As of the halfway point the main challenge for the series is how to keep Chizuru from succeeding (barely). Since Kouta’s willpower and lack of libido isn’t enough, it’s left to external forces, mainly her competition: A wolf-girl cut so shamelessly from the “flat, emotionless” mold it’s kind of embarrassing (that’s flat both in terms of personality and literally, a point which the bickering girls belabor endlessly). On the plus side, despite having no personality whatsoever, she’s every bit as blunt and forward as Chizuru, making for occasionally-amusing contrast, particularly a sequence where she cluelessly runs through the shy everygirl routine by the book, delivering all the generic lines deadpan while everyone around wonders what’s wrong with her.
In addition to the fetish slot, it’s also got to be cheap to hire a voice actress for that role: “Don’t emote, don’t act, just read all the lines like you don’t care.” Â Heck, I could do that if I could pull off a falsetto.
Speaking of fetishes, the series is gradually working its way up, via flimsy excuses (though with Chizuru doing the thinking, the excuses are flimsy even within the story). Tells you something when the male lead finally gets angry at the female one, and instead of feeling bad she insists on a good bare-bottom spanking as punishment. Which actually happens. Hello, Monty Python and the Holy Grail.

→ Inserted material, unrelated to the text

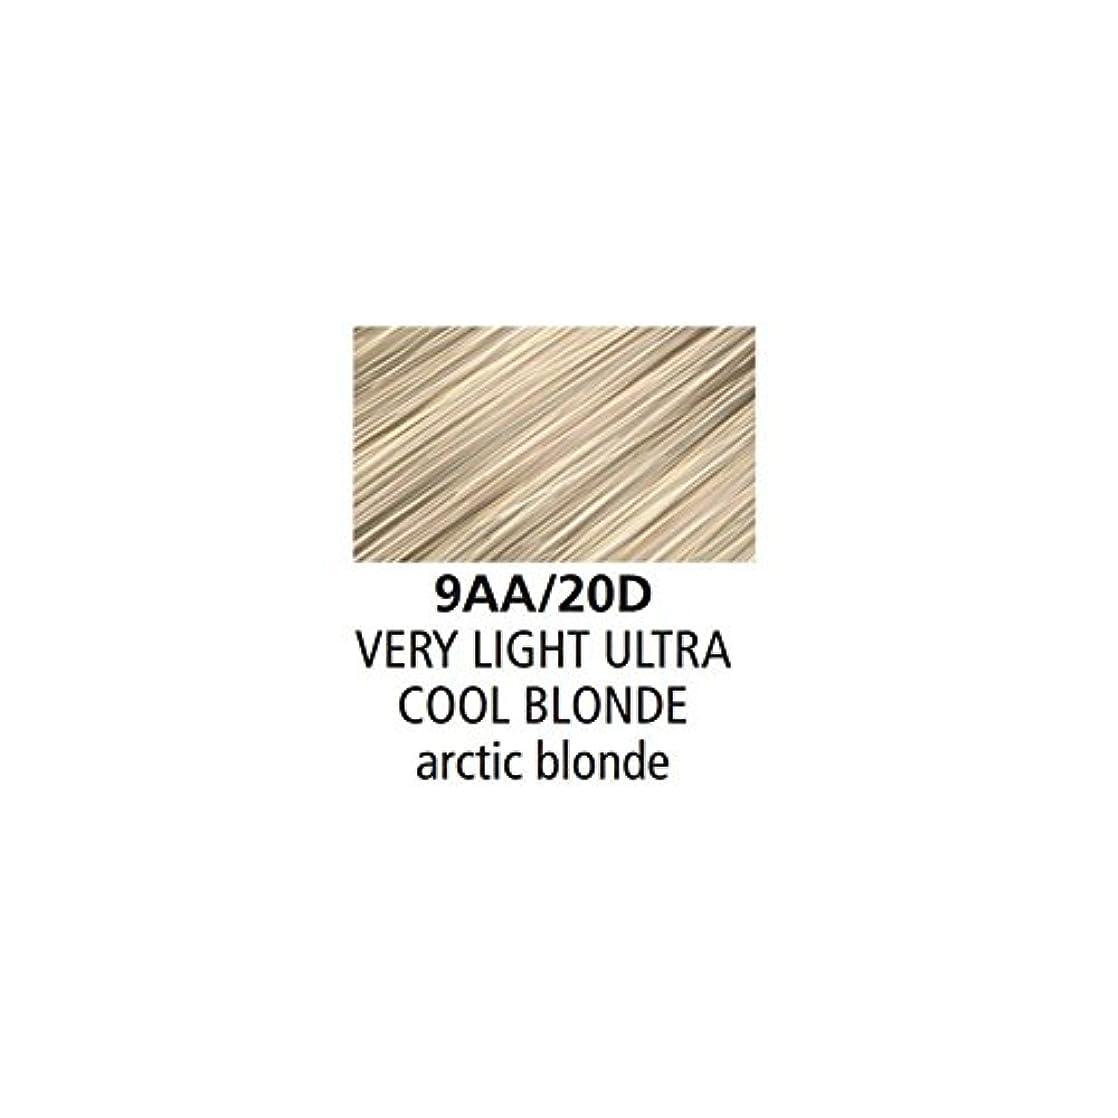 それにもかかわらず楽しい干ばつClairol Professional - SOY4PLEX - Liquicolor Permanente - Very Light Ultra Cool Blonde - 9AA/20D - 2 oz / 59 mL
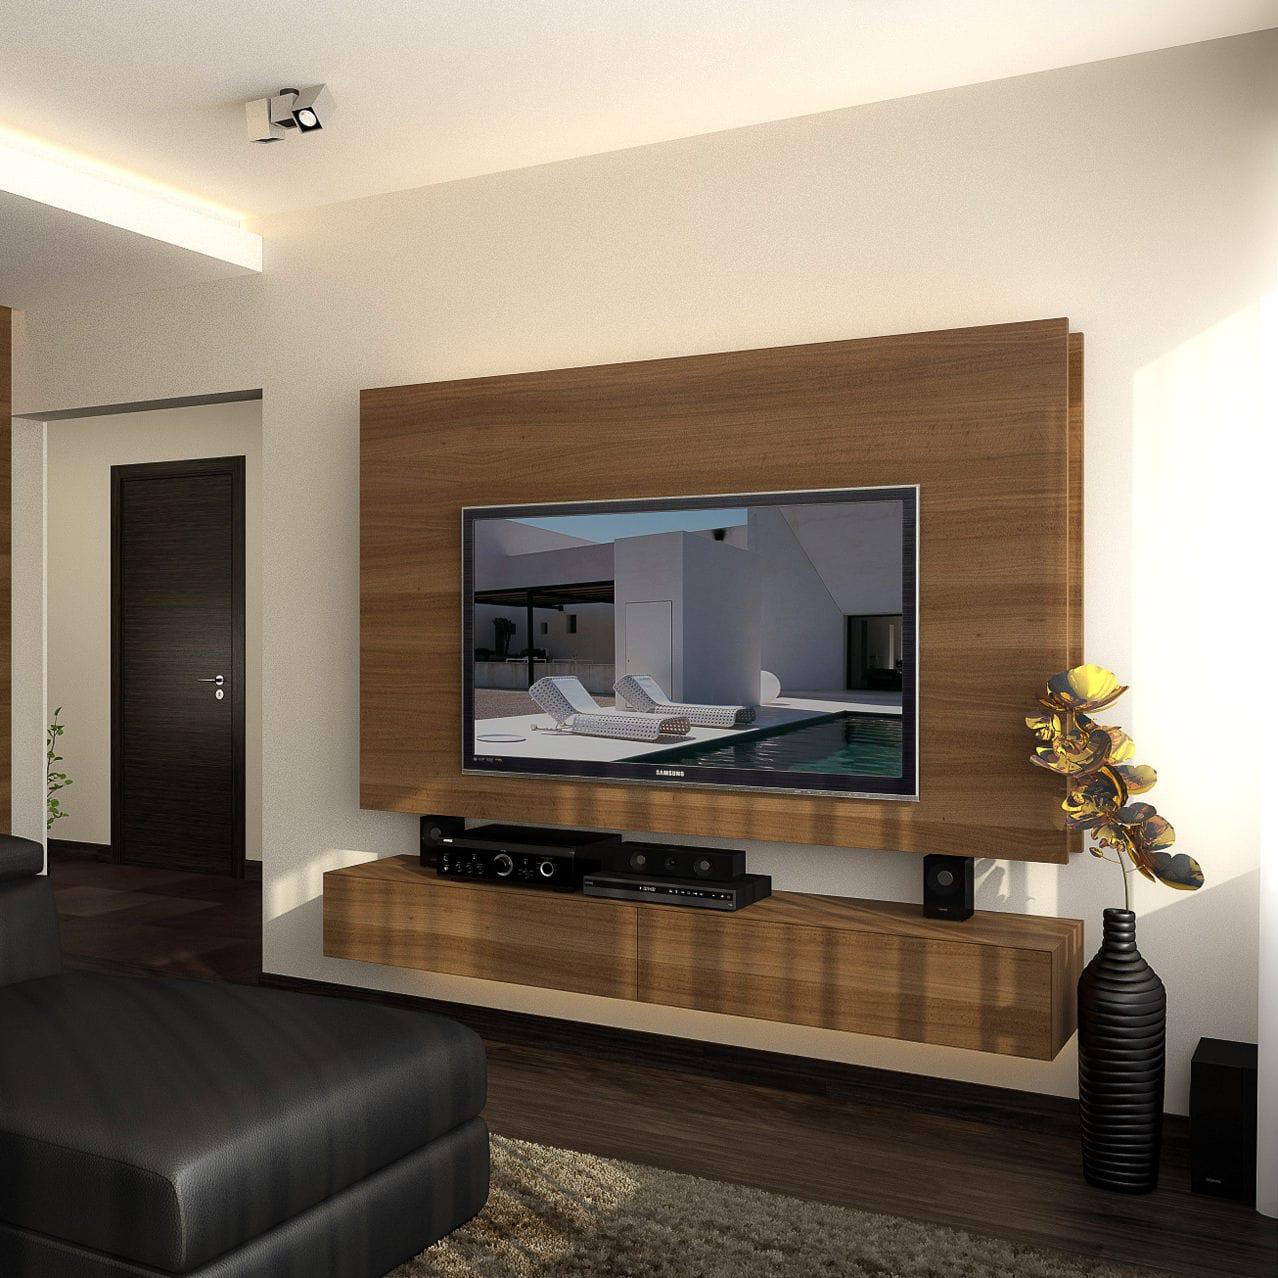 Parete Attrezzata Design Moderno.Parete Attrezzata Tv Moderno In Legno In4 Design Ideas Ltd

Yep, that scene pretty much sums up the series. Still, the characters are ok, there is the faintest hint of affection under the fanservice deluge, the art is above-average (interesting aside: it uses gradients on some of the animation cels—don’t see that often), the animation is better than you’d expect (though blatantly cops out with stills on the action scenes—I suppose better than ugly ones), and I kind of wonder just how far it’ll go. Far less painful than Popotan, to be sure, and unlike that series the buckets of fetishy fanservice are character-appropriate and far, far less creepy. I expect it to devolve into annoying drama that it has nowhere near enough characterization to support by the end, and if my curiosity gets the better of my taste I suppose I’ll find out at some point.